The answer is the data repeated in full, with no pictures included.

> _Recorded data_:

⟨

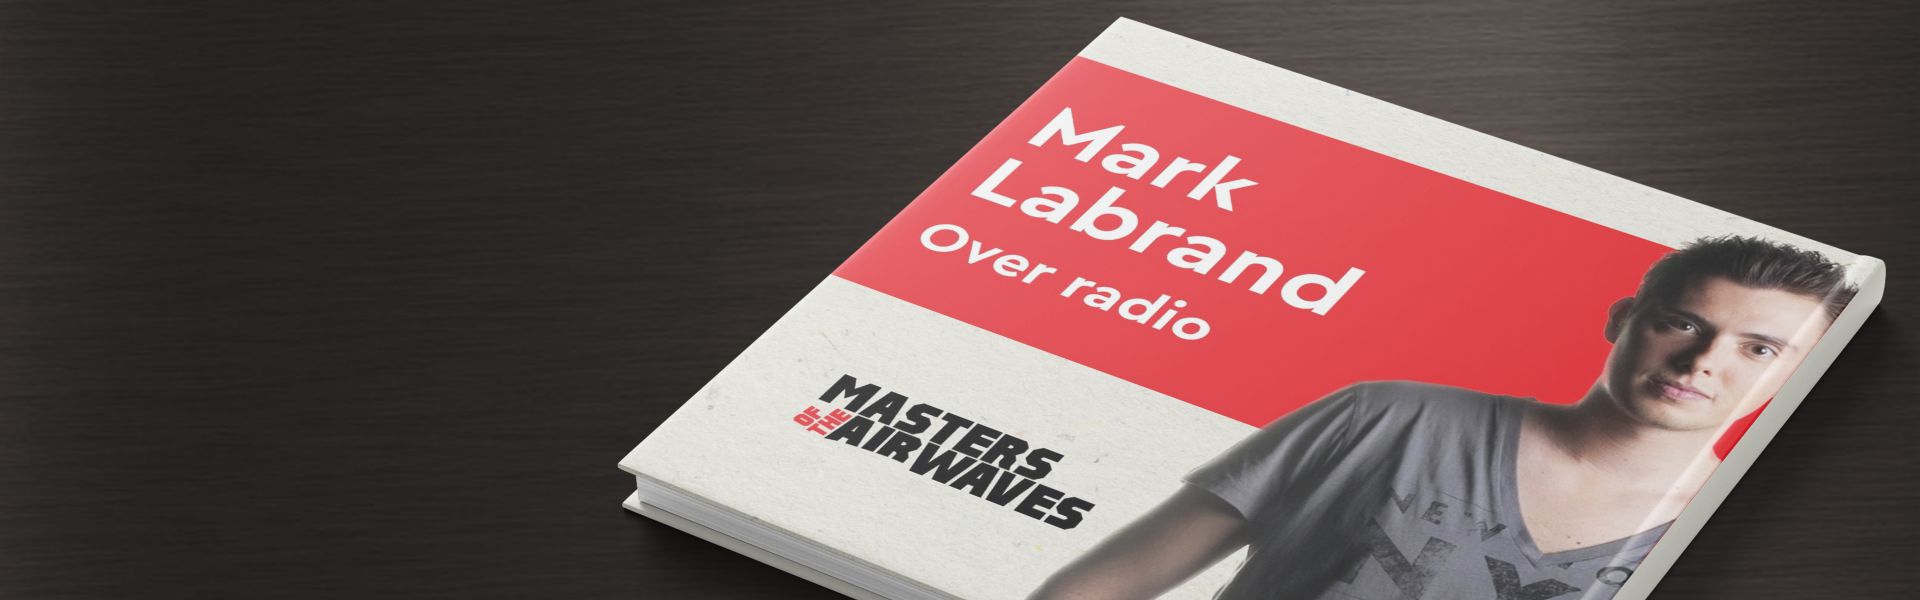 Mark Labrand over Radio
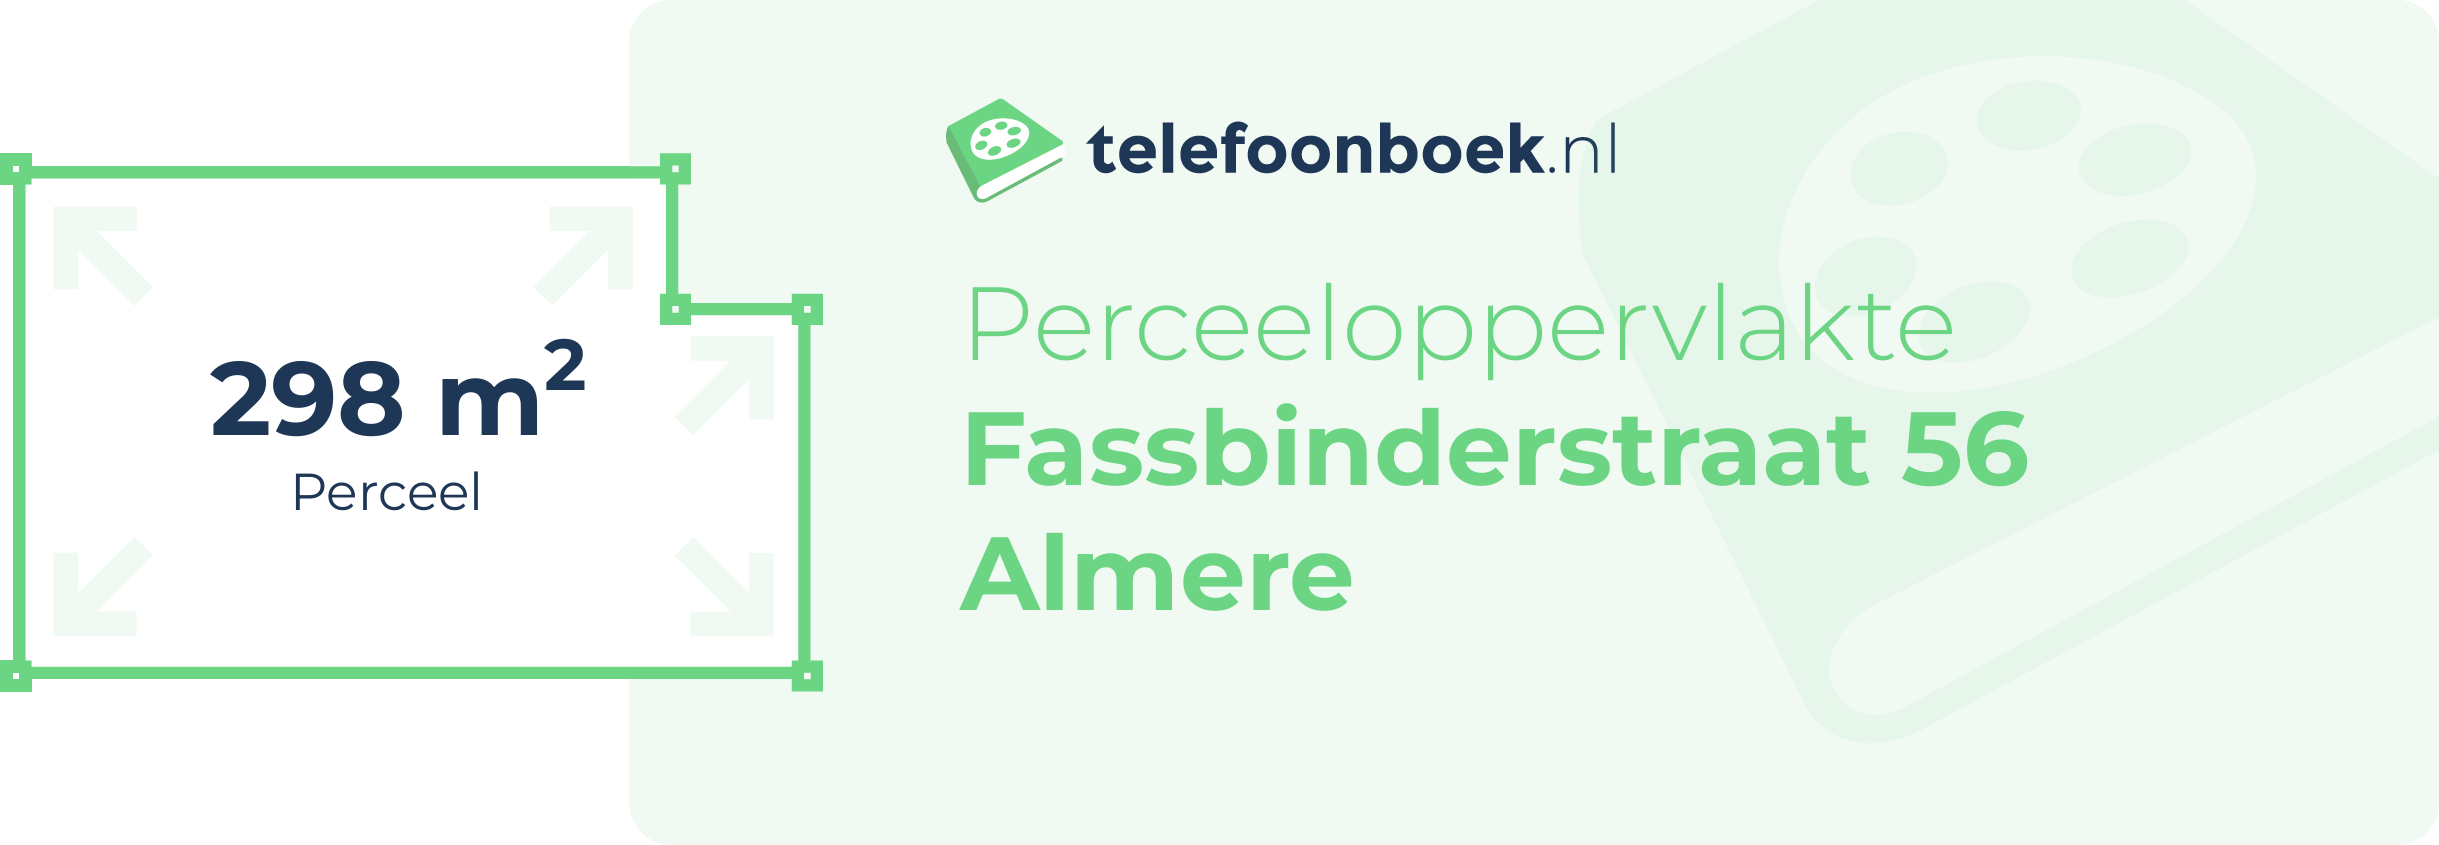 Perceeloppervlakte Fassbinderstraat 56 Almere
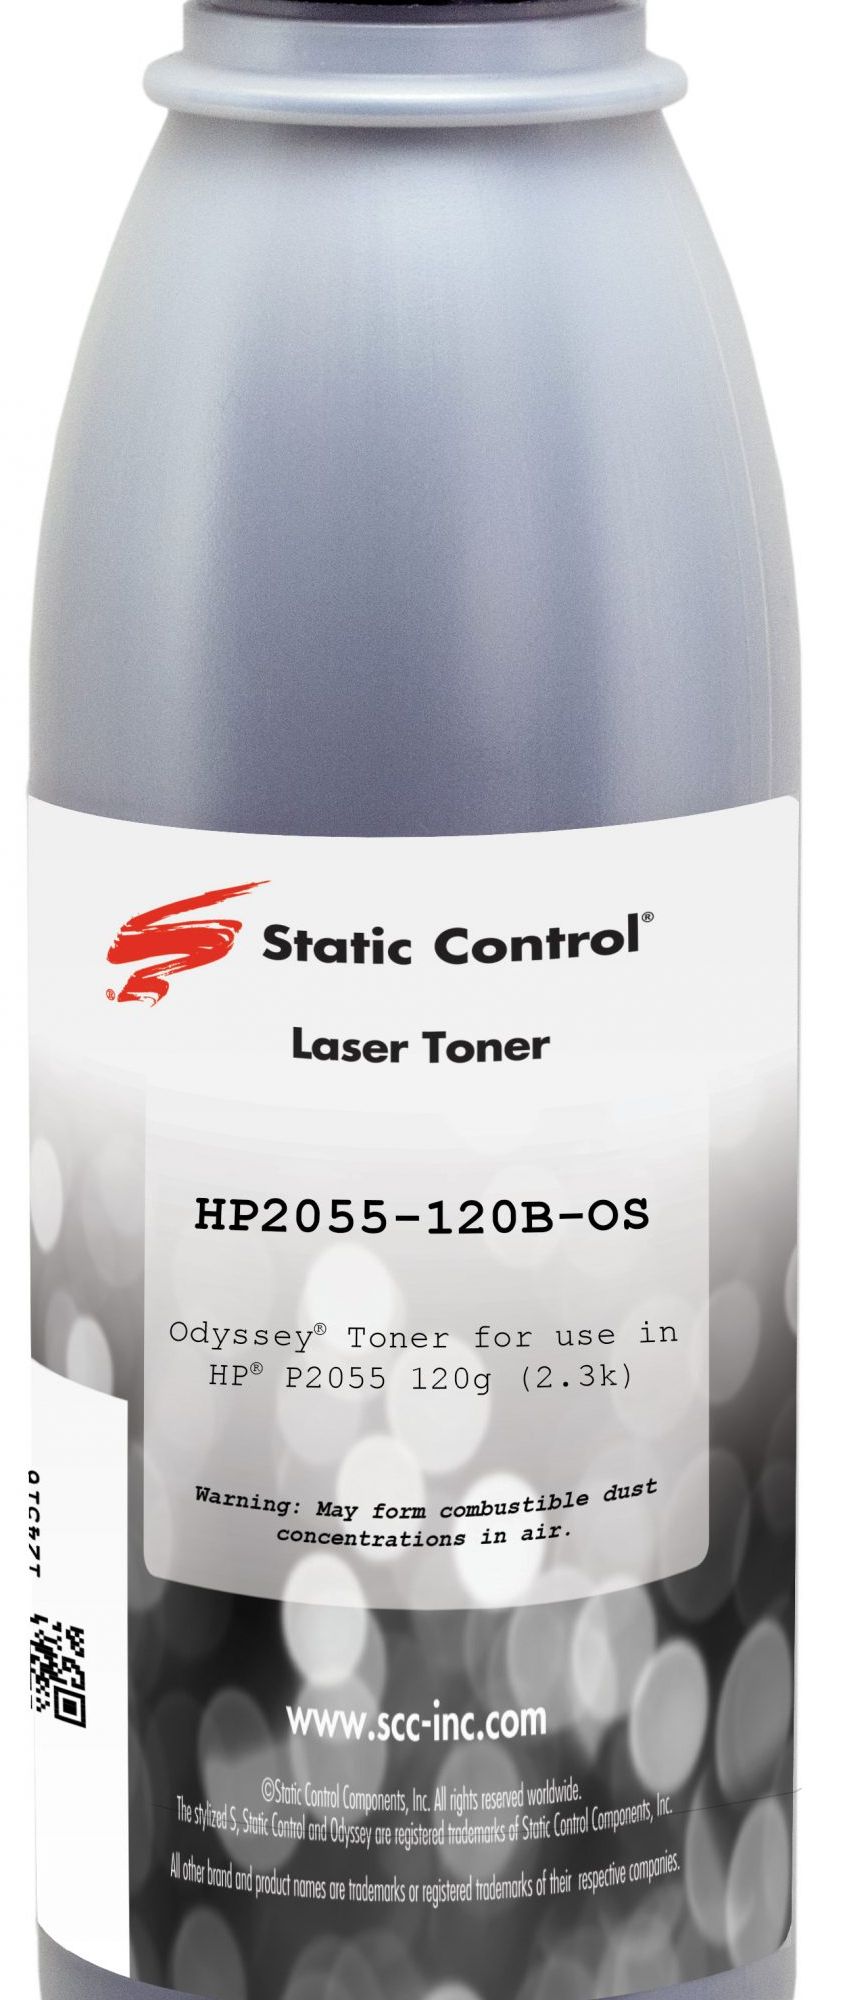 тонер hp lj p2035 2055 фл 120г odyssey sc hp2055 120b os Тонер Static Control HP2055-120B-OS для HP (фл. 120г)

⟩

> _Exercise result_:
 Mark Labrand over Radio
 Perceeloppervlakte Fassbinderstraat 56 Almere
 тонер hp lj p2035 2055 фл 120г odyssey sc hp2055 120b os Тонер Static Control HP2055-120B-OS для HP (фл. 120г)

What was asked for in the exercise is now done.